Why Catholic Orthodoxy Is Not 'Catholic Fundamentalism'

September 1993By Mark Lowery

Mark Lowery is Assistant Professor of Theology at the University of Dallas.

One of the saddest features of contempo­rary Catholicism is the wide range of accusa­tions hurled at Catholics by Catholics. Tradi­tional Catholics are increasingly caricatured as close-minded fundamentalists, while those of a revisionist tendency are caricatured as skeptics. By skeptics I mean those skeptical toward the central dogmatic claims of the faith -- they do not genuinely believe the Creed, they reduce the Sacraments to symbol only, and the like. By Catholic fundamentalists I mean those who have little or no appreciation for key distinc­tions made in the tradition, such as those between infallible and non-infallible doctrine or between points of doctrine and points of custom or discipline.

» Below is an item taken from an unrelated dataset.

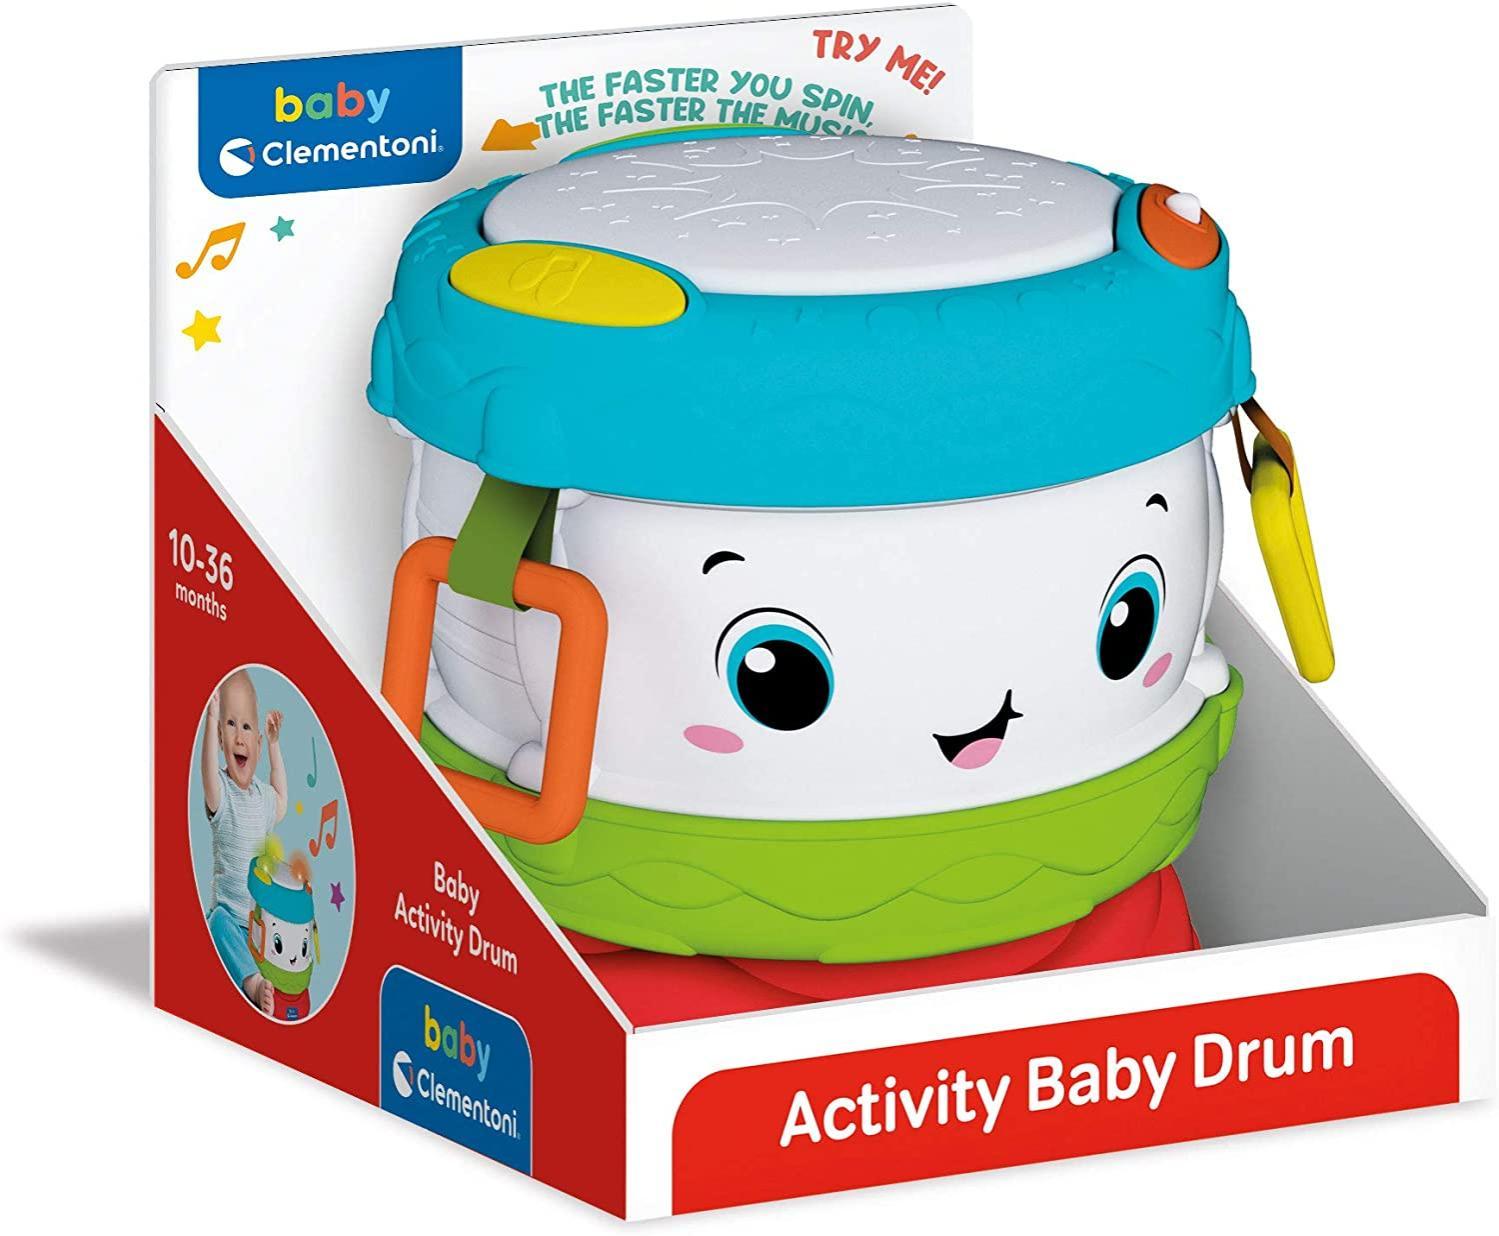 clementoni activity baby drum
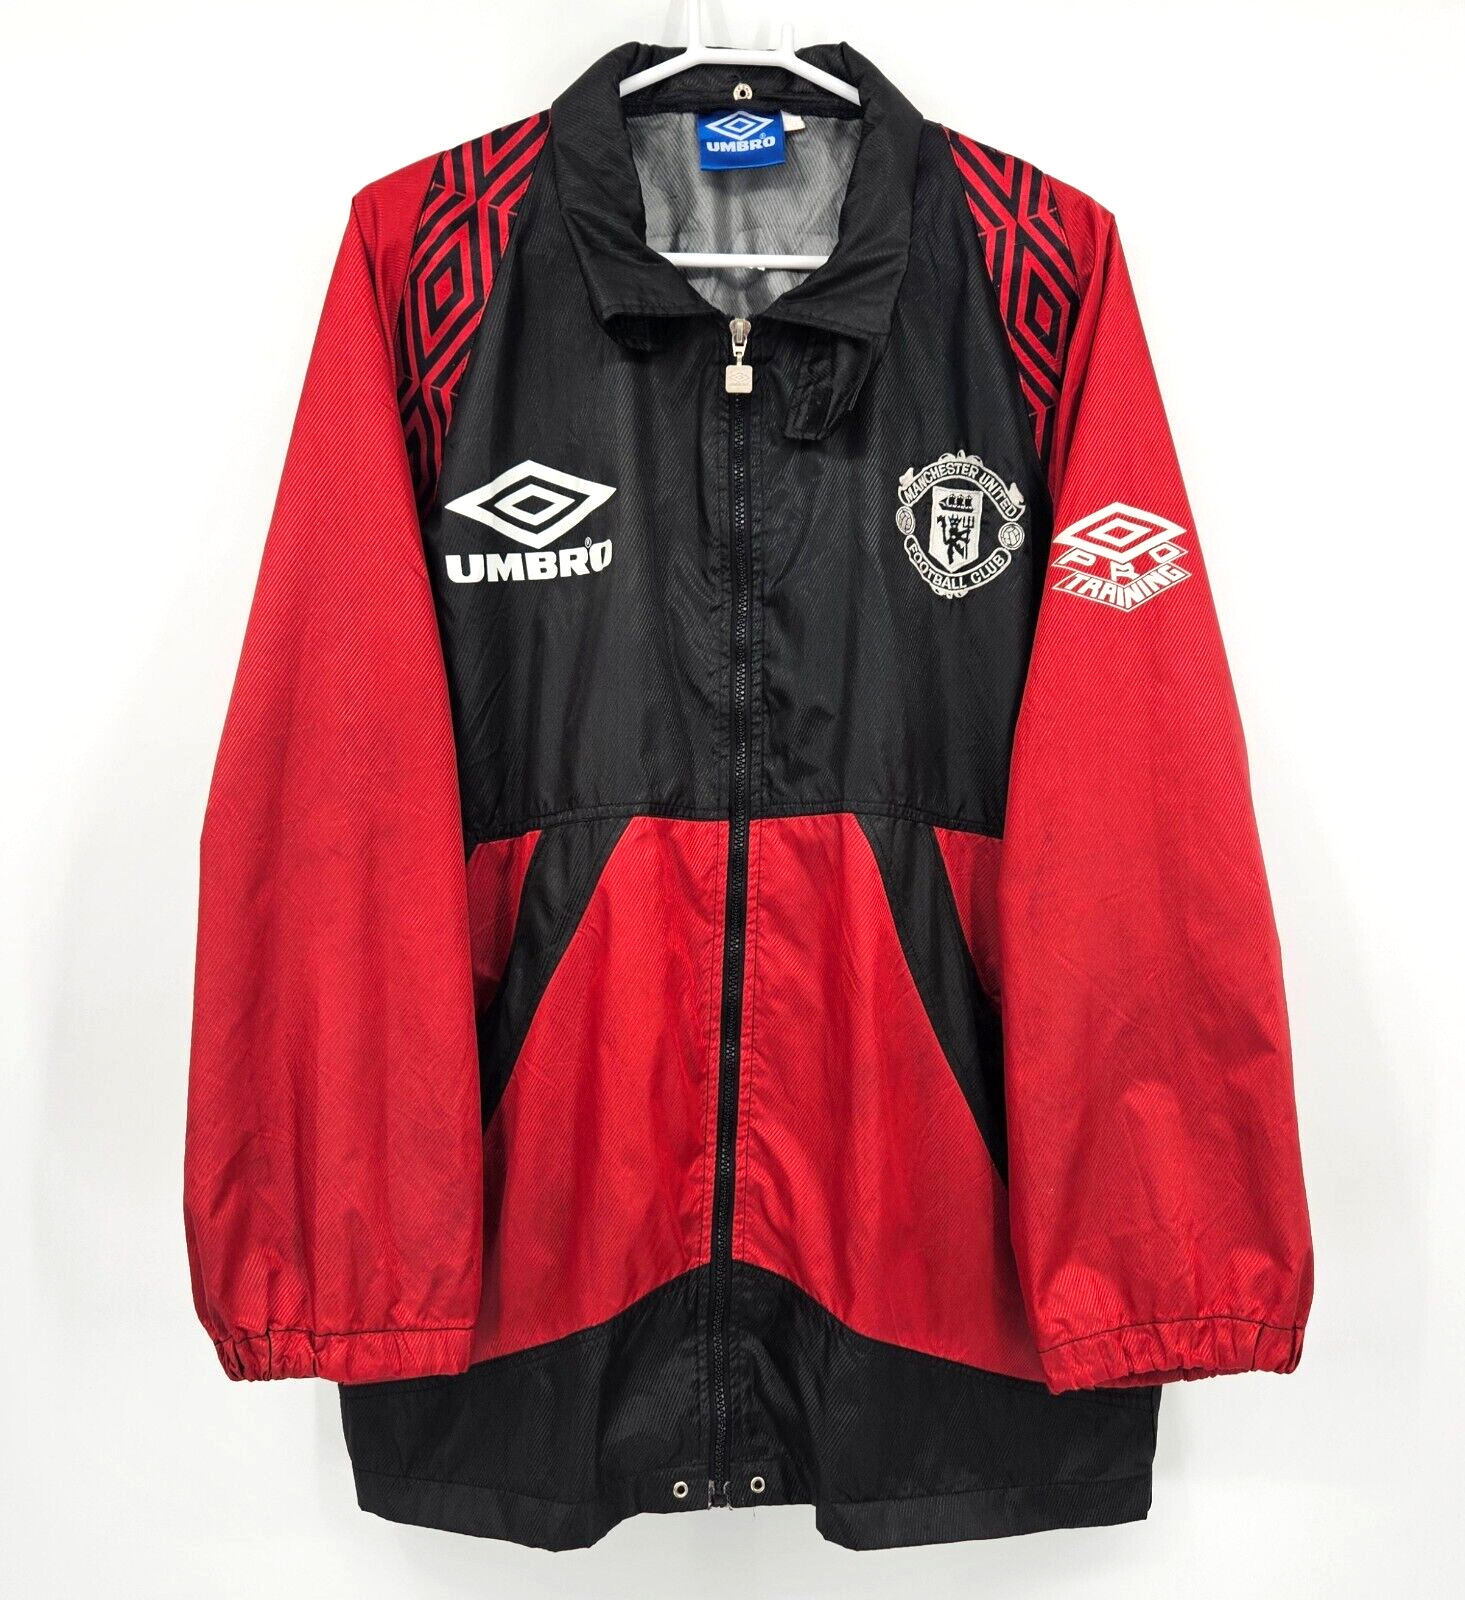 Vintage 1995-96 Manchester United Umbro Pro Training Soccer Jacket Size Medium

Most revisionists see themselves as mod­erates. Between the extremes of excessive dogmatism and skeptical subjectivism, they see themselves as offering a compassionate middle ground that remains in continuity with the tradition while gently reforming it. Avery Dulles articulated the moderate position this way:
The moderates hold the key to the fu­ture. Neither the extreme traditionalist nor the extreme modernist position can come through with a positive pro­gram that holds out any prospects of success in the long run. A restoration of consensus demands an enlargement of the moderate center, which insists upon discipline and restraint but re­jects blindness and rigidity.
Though written in 1970, and though Dulles himself may have changed his mind, this description remains an apt one for moderates. It is also a partially deficient sketch of the available options: It has the effect of virtually eliminating a position, Catholic orthodoxy, which is not, as we shall see, one "position" alongside others.